The result should be the listing below restated word for word, with images left out.

**INPUT DATA**
Start of Block

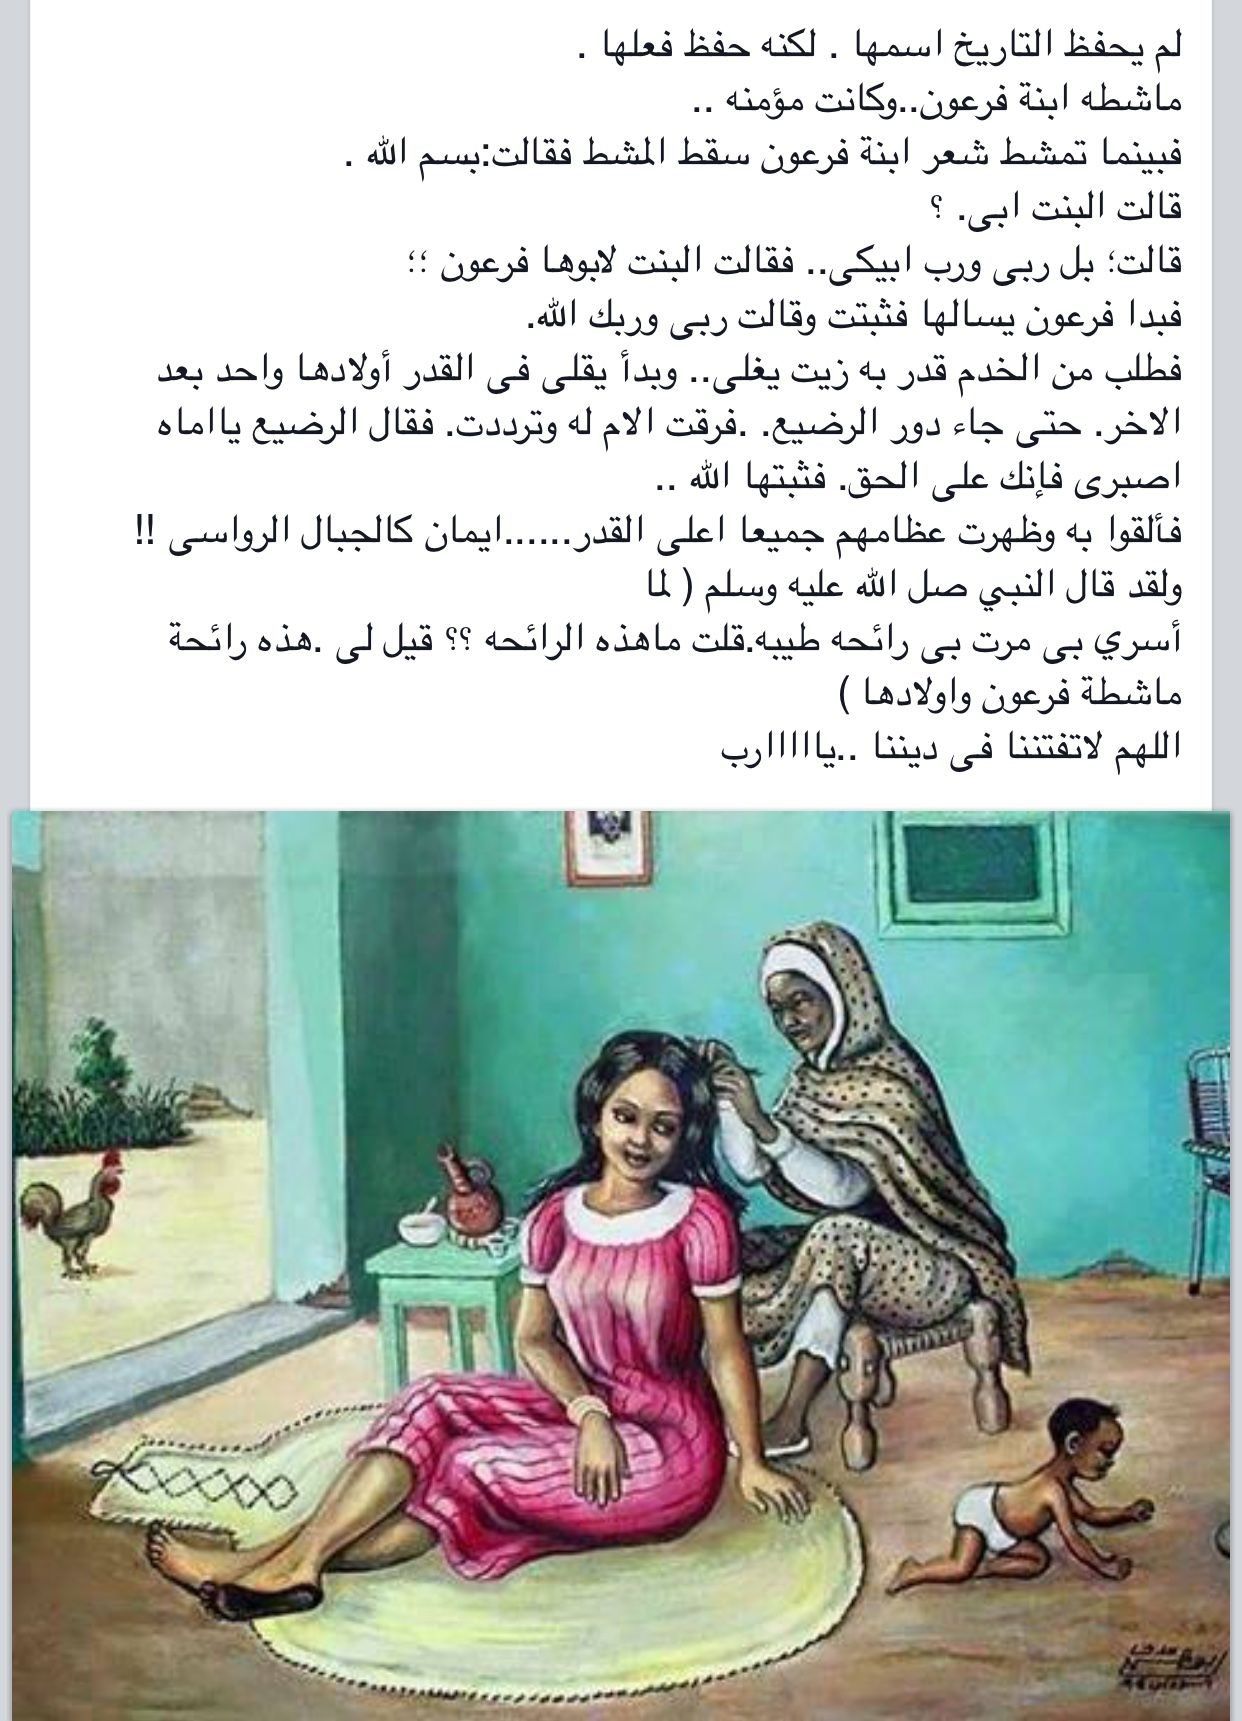 Pin by Queen MōōN on الحمدالله علي نعمة alislam Arabic
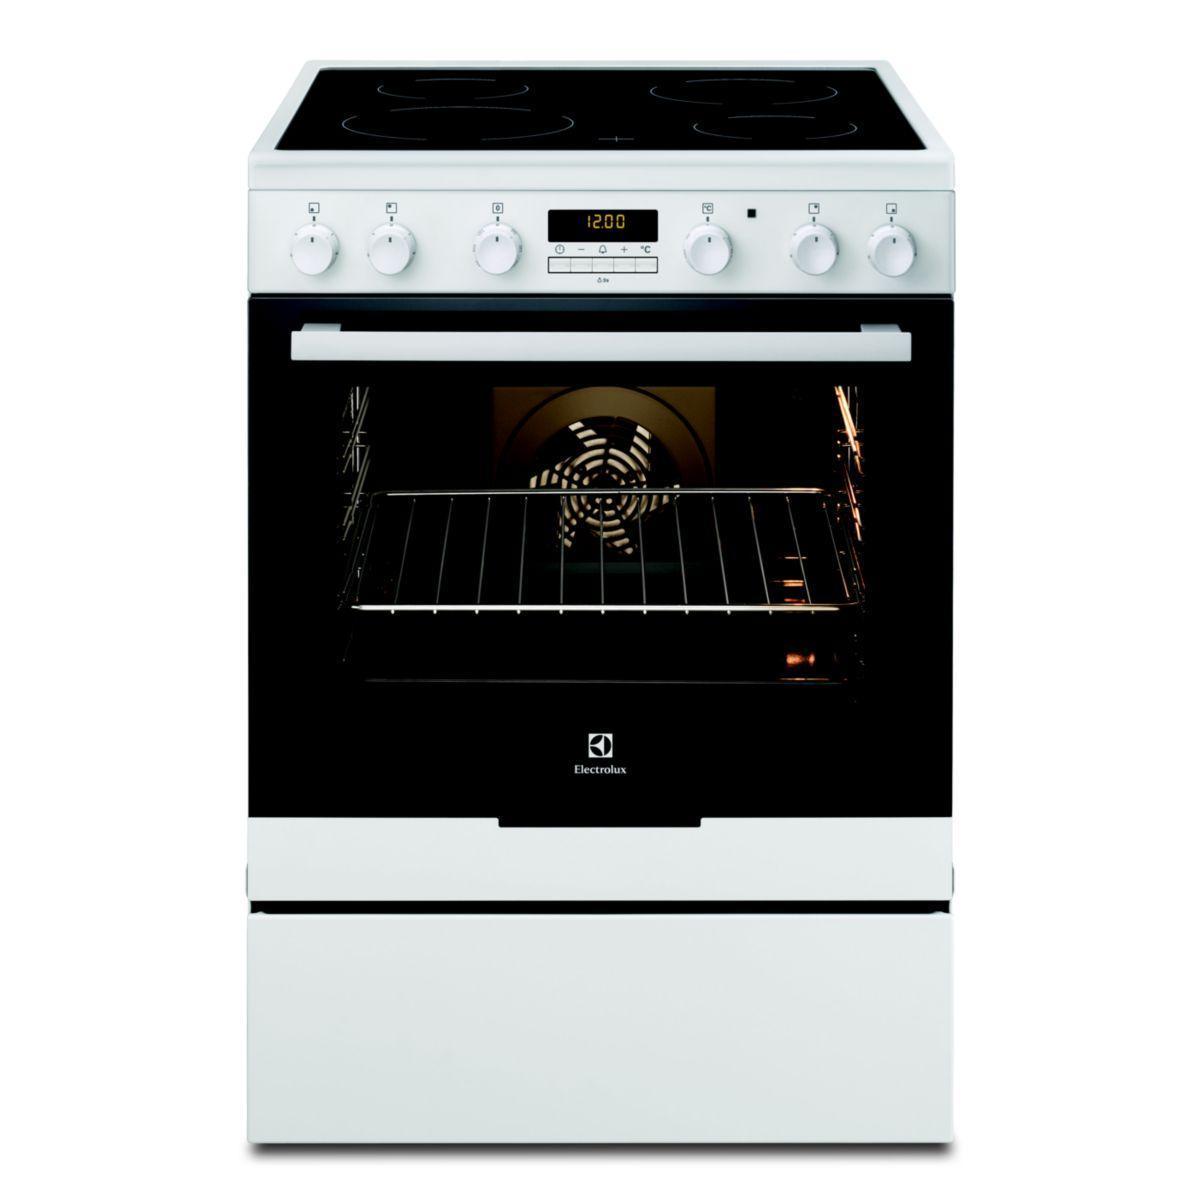 Pack promo cuisinière vitrocéramique pyrolyse electrolux ekc 6670 aow + groupe aspirant electrolux efg 50300 x (photo)
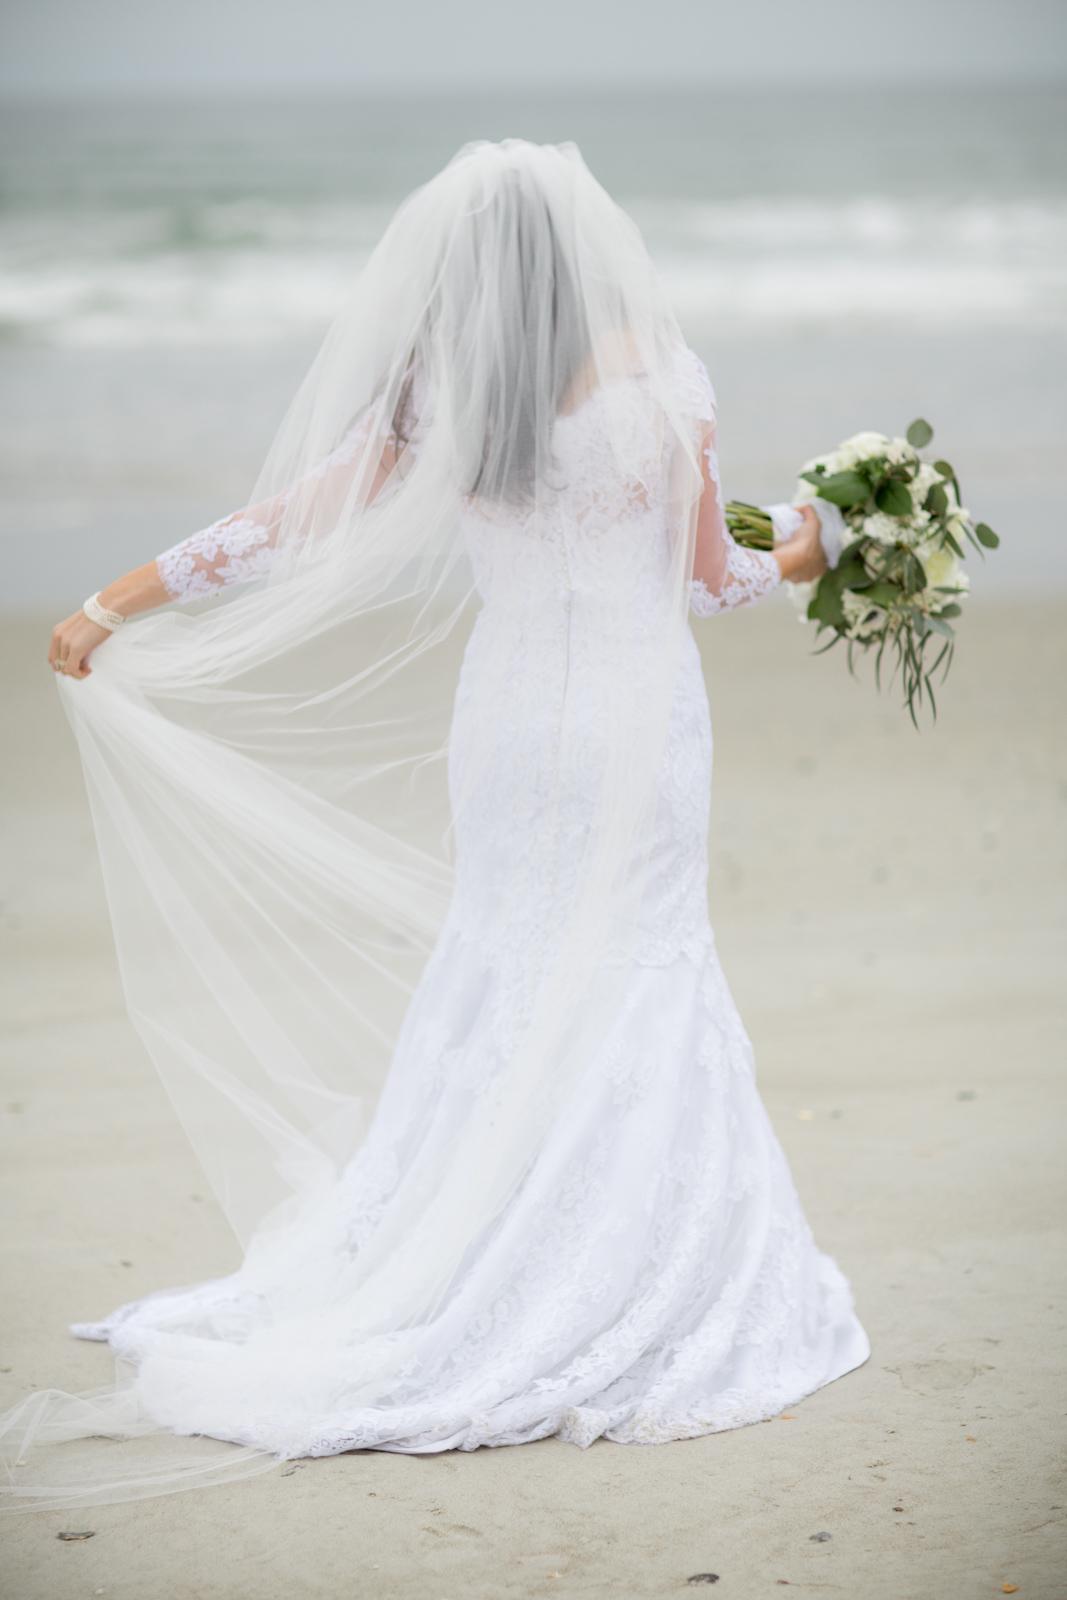 Figure eight island wedding-28.jpg

End of Block

**RESPONSE TO THE TASK**
 Pin by Queen MōōN on الحمدالله علي نعمة alislam Arabic
 Pack promo cuisinière vitrocéramique pyrolyse electrolux ekc 6670 aow + groupe aspirant electrolux efg 50300 x (photo)
 Figure eight island wedding-28.jpg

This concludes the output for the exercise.